Leash Your Potential - How To Be A Successful ‘Do-Nothing’

Ryan Gunther’s mock seminar on how to keep a job and do as little as possible, while getting good pay was certainly thorough with a pile of silly statistics, funny strategies, and satiric corporate anecdotes. He makes it clear that business in Fortune 500 companies is like a group of ferrets, which, incidentally, is exactly what a group of ferrets is called, a ‘business of ferrets’ (no kidding) like bosses, oops, ‘crows’ who are called a ‘murder of crows’.

Yes, I did laugh here and there at his advice about how to do effective emails that record your real message ‘can’t finish this project by the deadline’ but bury it in the fifth paragraph so no one bothers to read it, but at least you’ve covered your ass if called to accountant. He has humorous advice about how to infiltrate an office clique, take fake sick days, and sabotage your computer so you don’t have to do anything for hours but play on your phone.

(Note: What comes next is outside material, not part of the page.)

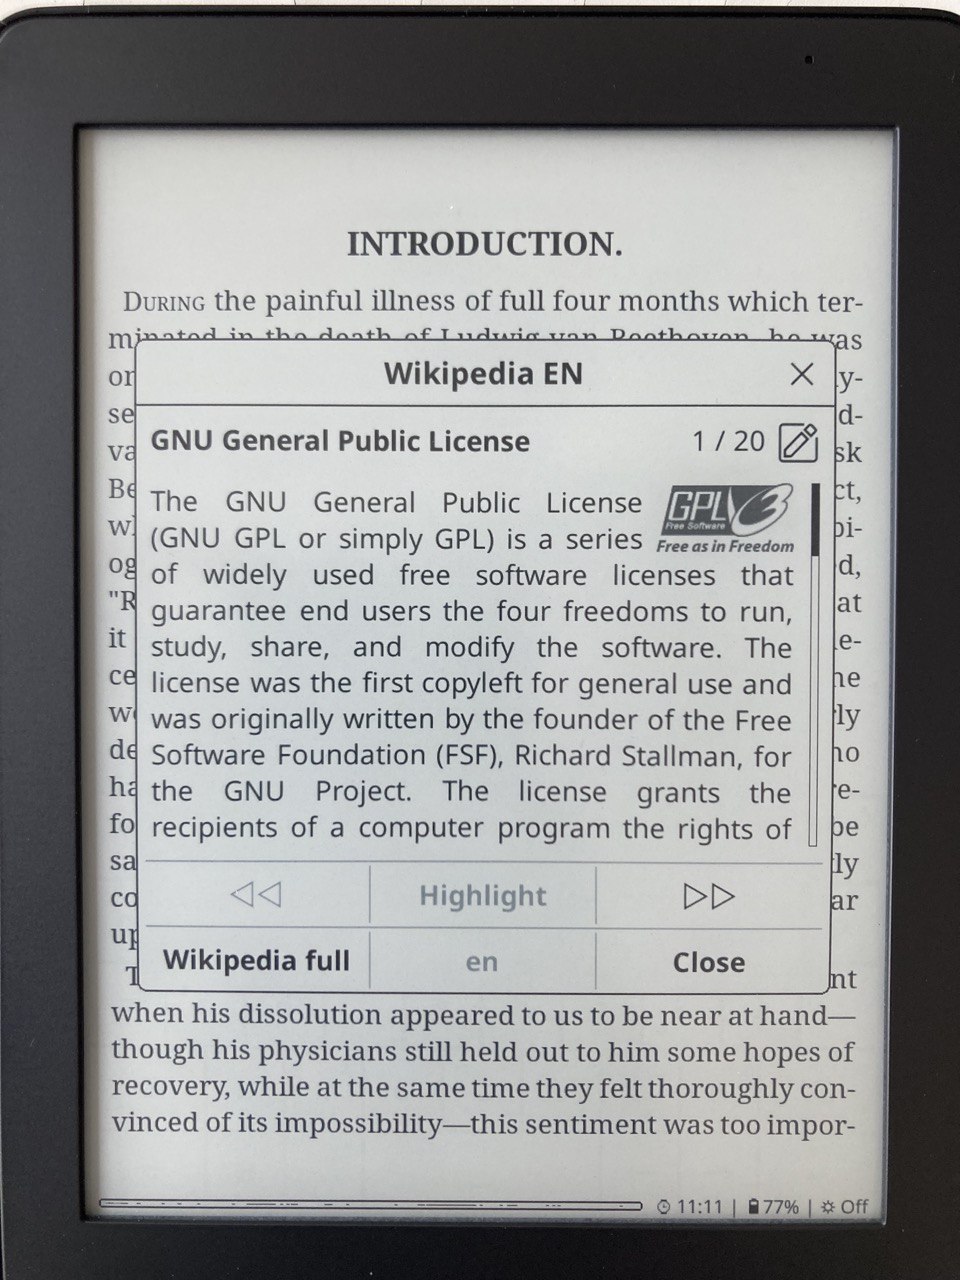 An image of Kobo reader running KOReader and displaying a Wikipedia article of the GNU General Public License.

There is definitely some funny material in this show. But ‘show’ it isn’t. It’s more of a ‘tell’ than a ‘show’. If he was trying to poke fun at boring seminars, he verged on the edge of boring us after a while. I began glancing at my watch 25 minutes into the lecture because Gunther stood in his business suit behind his podium and seemed to be reading, in a rather monotone voice, his entire lecture with amusing powerpoint slides. Perhaps he is used to a 15 or 20-minute stand-up comedy routine but for a 60-minute show, the overload of info and the lack of movement and engagement undermined the effectiveness.

Perhaps a take-off on one of the super slick self-help gurus who use all the vocal, emotional ploys to entice you in, would have been funnier since it would have been livelier, and more ironic to have a seminar leader who was all cheery enthusiasm while delivering a message about how to be a do-nothing corporate survivor. The other alternative would be to play some of the characters from the bad boss, the good bad boss, the office prankster etc.  This would have given some variety, pace, and drawn the audience into the corporate environment far more effectively.

One fascinating part was when, near the end, Gunther leaves the stage and a robotic email appears on the screen and makes us think about how far robots can replace us all except, of course, robots don’t know how to do ‘meetings’ or be effectively ineffective, as Gunther points out. So maybe we slackers are safe.

Unfortunately, the delivery didn’t live up to the potential of the material. However, if you’ve worked in any bureaucracy, you’ll smile.